10 июля 1839 г. Горбачевский вышел на поселение и остался тут же, в Петровском Заводе, хотя и имел одно время желание переехать вместе с Е.П. Оболенским и А.А. Быстрицким в Верхнеудинск. Коронационный манифест 26 августа 1856 г., разрешавший декабристам вернуться в центральные губернии России, застал Горбачевского на старом месте. Для переезда в Россию у него не было средств. Деньги, которые высланы были ему по завещанию умершего брата, в значительной части до него не дошли.
В 1863 г. племянники Горбачевского, дети Анны Ивановны Квист (в первую очередь Оскар Ильич), выхлопотали ему разрешение жить в Петербурге и Москве и звали его в Петербург, беря на себя полностью его содержание. Однако Горбачевский не воспользовался этой возможностью и отклонил предложение племянников. Он боялся оказаться в России еще более, чем в Сибири, одиноким и чужим новому поколению, не хотел попасть в материальную зависимость от родственников; «... ехать на неизвестное, жить с людьми, которых не знаю, хотя и считаются родными, что я буду там делать», - писал он Оболенскому. Так и остался Горбачевский навсегда один в Петровском Заводе, потому что все товарищи его разъехались в разные стороны.
Тотчас же по выходе на поселение перед Горбачевским встала забота о средствах для существования. Сбережений его едва хватило, чтобы приобрести небольшой домик. Родные могли оказывать ему лишь очень скромную поддержку. И вот Горбачевский, не имея ни природной склонности, ни опыта в хозяйственных делах, должен был взяться за предпринимательство.

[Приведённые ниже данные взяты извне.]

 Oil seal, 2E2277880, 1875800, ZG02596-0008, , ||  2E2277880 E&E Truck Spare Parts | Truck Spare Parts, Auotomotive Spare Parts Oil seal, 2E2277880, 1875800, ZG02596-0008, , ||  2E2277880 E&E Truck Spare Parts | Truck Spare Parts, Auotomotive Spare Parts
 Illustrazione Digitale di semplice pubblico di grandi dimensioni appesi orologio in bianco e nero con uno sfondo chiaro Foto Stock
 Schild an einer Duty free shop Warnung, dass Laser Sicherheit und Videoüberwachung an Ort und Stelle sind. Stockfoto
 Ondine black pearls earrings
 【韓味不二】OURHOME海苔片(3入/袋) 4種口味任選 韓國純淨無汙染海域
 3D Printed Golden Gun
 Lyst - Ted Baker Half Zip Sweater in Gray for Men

По совету знакомых, он, купив лошадей, занялся извозом по казенным подрядам. Но очень скоро понес изрядный убыток (900 руб.) и бросил это занятие. Вслед за этим, вместе с заводским доктором Д.3. Ильинским, он принялся за мыловарение, потерял на этом деле до 2 000 рублей и остался совершенно без денег.
Позднее Горбачевский завел мельницу, но и ее доходность оказалась весьма сомнительной. По доброте своей Горбачевский без отказа раздавал муку в долг заводским жителям и соседним крестьянам. Долги собирались туго, сроки их возвращения, как правило, нарушались. Должники всегда умели разжалобить Горбачевского, а при случае и обмануть. Ему пришлось вернуться к подрядам на казну и на частных золотопромышленников.
При скромных потребностях, он сводил кое-как концы с концами, но необходимость постоянно изворачиваться, постоянно налаживать вместо лопнувшего предприятия какое-нибудь новое, столь же не интересное и столь же мало доходное, тяготило его, и чем дальше, тем более ненавидел и проклинал он свое хозяйство.
Горбачевский пользовался на Петровском Заводе общим уважением, став центральной фигурой немногочисленного местного общества. Заводские инженеры, священник, несколько купцов, кое-кто из заводских мастеров и тянувшаяся к просвещению молодежь составляли его окружение. Они брали у Горбачевского книги; через него шли в обращение по Заводу журналы и газеты, издававшиеся не только в России («Библиотека для чтения», «Сын отечества», «Московские ведомости»), но и за границей, - «Полярная звезда», «Колокол», «Правдивый» П.В. Долгорукова и др.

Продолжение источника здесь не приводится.